Introduzione
Le considerazioni sulla Politica Agricola Comune (PAC) contenute in questo lavoro, si pongono l’obiettivo di arricchire la discussione in atto sul percorso di riforma iniziato ormai quindici anni fa e sui fattori strategici che ne hanno condizionato il processo negoziale. L’approccio che si intende seguire nell’interpretare i tre interventi riformatori succedutisi dal 1992 al 2003 - la riforma MacSharry, Agenda 2000, e la più recente riforma Fischler - prende le mosse da un filone teorico interno alla new political economy, che suggerisce come le determinanti delle public policies possano avere, oltre ad una origine esogena (lobbies, interessi del decisore, caratteristiche del settore di intervento), una matrice endogena derivante dalle relazioni che si vengono a creare a seguito della scelta di determinati strumenti.
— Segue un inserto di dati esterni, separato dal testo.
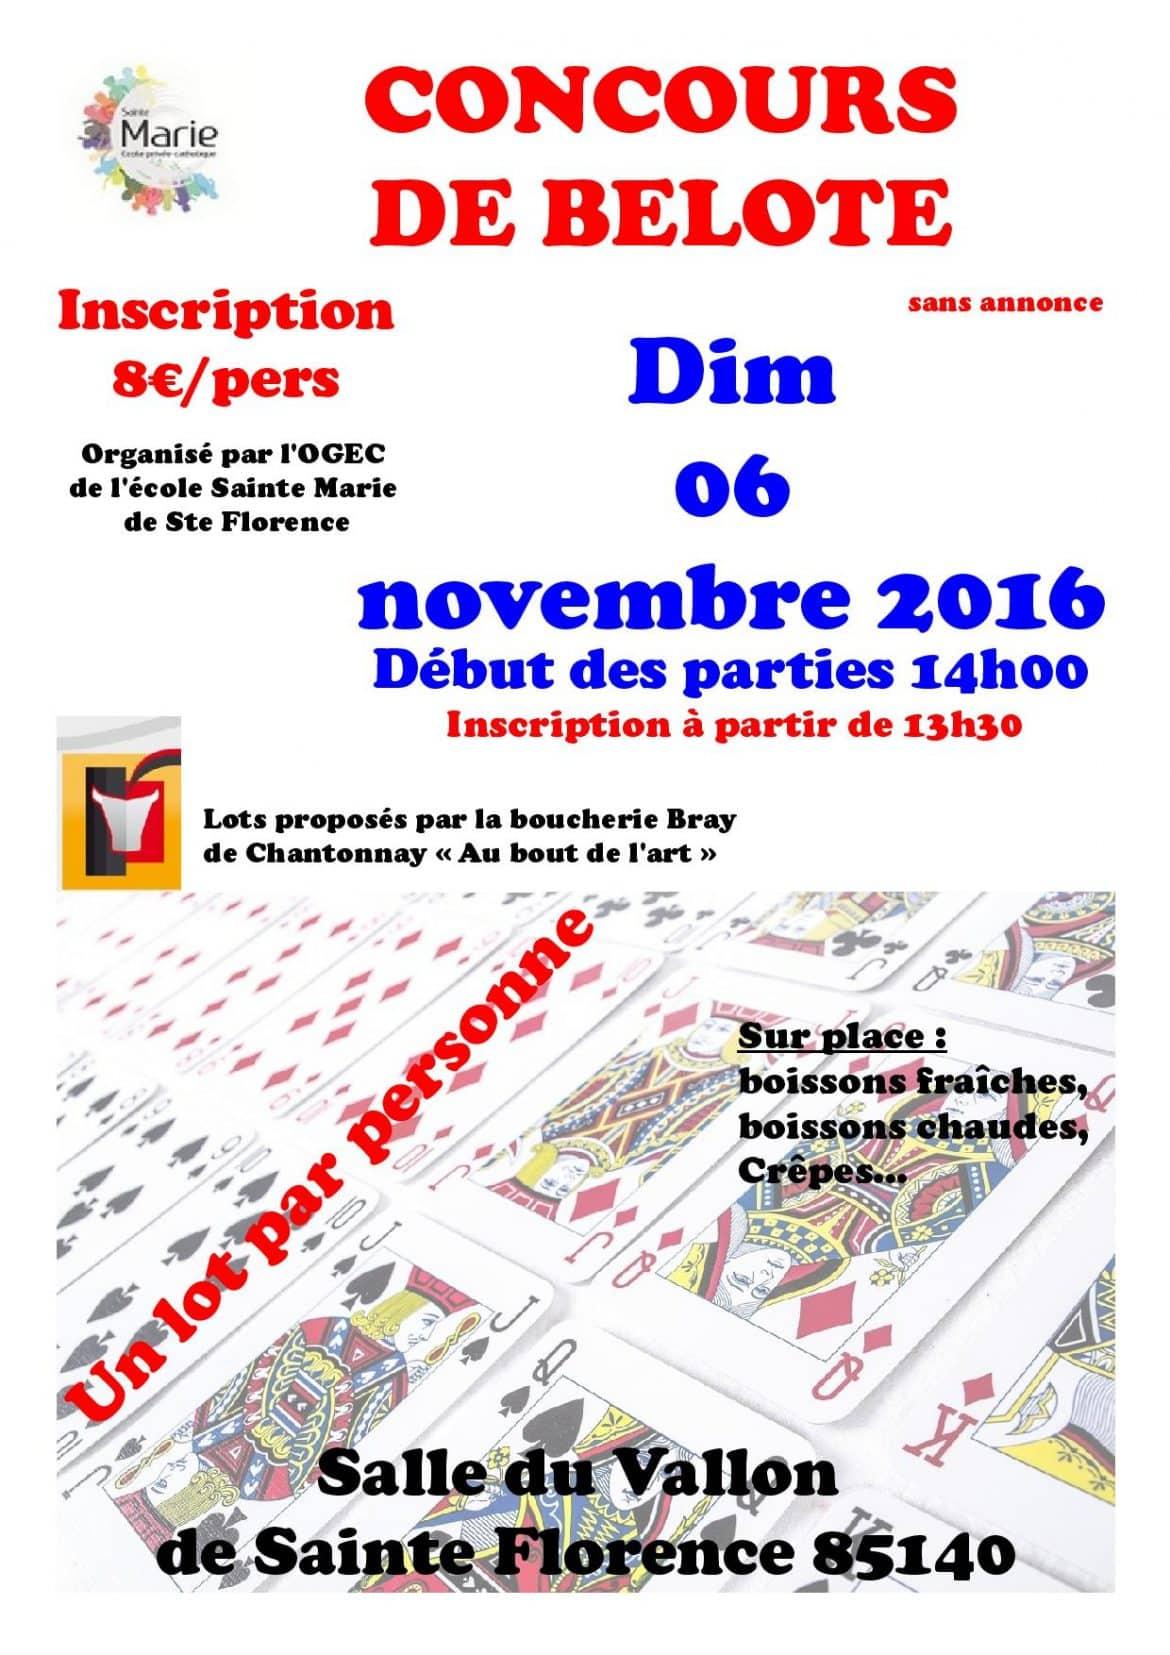 Affiche Concours de Belote Dimanche 6 Novembre 2016 Sainte-Florence

Il concetto alla base di questa chiave di lettura è quello di path dependency. Con questo termine si vuole evidenziare come, in molte attività umane, sia possibile che la direzione di intervento scelta possa condizionare le opzioni disponibili in futuro e con esse la natura del processo negoziale da cui scaturiranno le successive scelte.
L’applicazione di questo concetto è relativamente recente ed ha portato alla comparsa di una interessante letteratura sul tema (Pierson 2000, Kay 2003), nella quale il concetto di path dependency viene proposto come possibile strumento di valutazione ex-post delle politiche pubbliche. Al concetto di path dependency non vanno attribuite proprietà deterministiche; non siamo alla ricerca dell’ottima soluzione di policy, ma di una chiave di lettura che ci aiuti a restringere il campo delle possibili scelte e delle loro interdipendenze (North, 1990). In questo quadro viene calata l’esperienza di riforma della PAC degli ultimi quindici anni, tentando altresì di individuare come questo percorso abbia gradualmente ristretto le opzioni di riforma attualmente in elaborazione, contribuendo così a configurare una “nuova” politica agricola.
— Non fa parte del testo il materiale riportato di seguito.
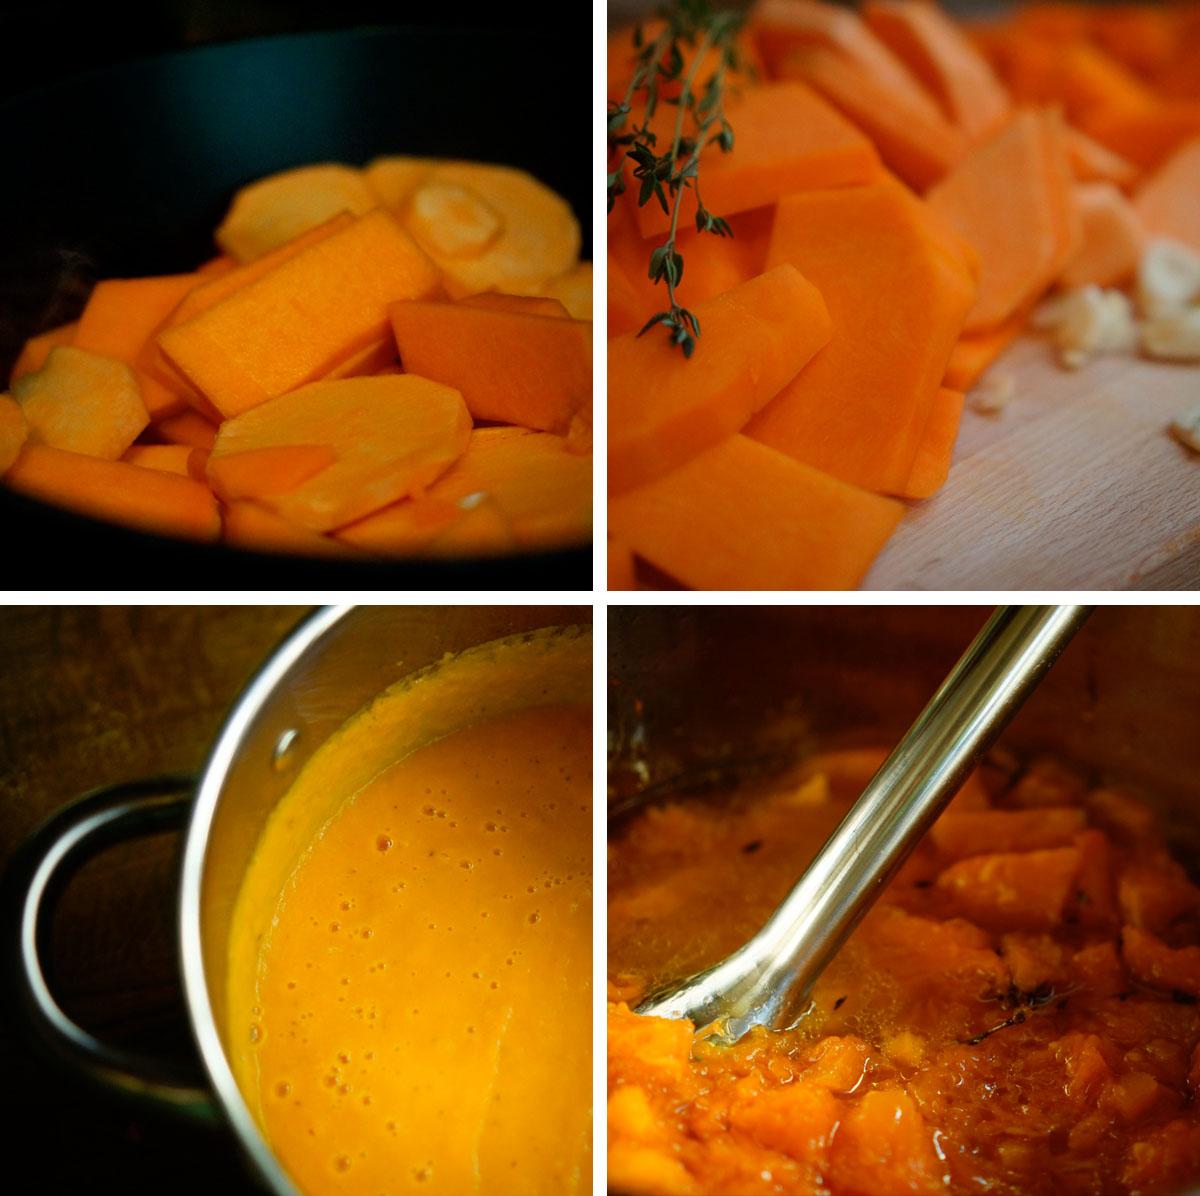 pumpkinsoupbattachips_gavisious7

L’obiettivo di questo lavoro è individuare le determinanti endogene delle scelte compiute nel corso dell’evoluzione della PAC. In altre parole, individuare quali sono gli elementi di portata strategica che consentono di comprendere le relazioni tra i diversi momenti riformatori, e quali sono le scelte di policy che hanno maggiormente influenzato, o lo faranno in futuro, il cammino della PAC.
I tentativi di riforma intrapresi nel corso degli ultimi quindici anni sono avvenuti sotto la spinta di differenti pressioni riconducibili a due aree: una interna all’Unione Europea (interessi dei singoli Stati membri, lobbies agricole, altri gruppi di pressione, vincoli di bilancio ecc.); e un’altra esterna, connessa alle dinamiche dei negoziati multilaterali sulla liberalizzazione del commercio (prima GATT, poi WTO). Tali sollecitazioni hanno determinato la necessità di una riforma della PAC; la path dependency si rivela nella misura in cui il ventaglio delle possibili risposte si è progressivamente ridotto, condizionando gli esiti del processo di riforma.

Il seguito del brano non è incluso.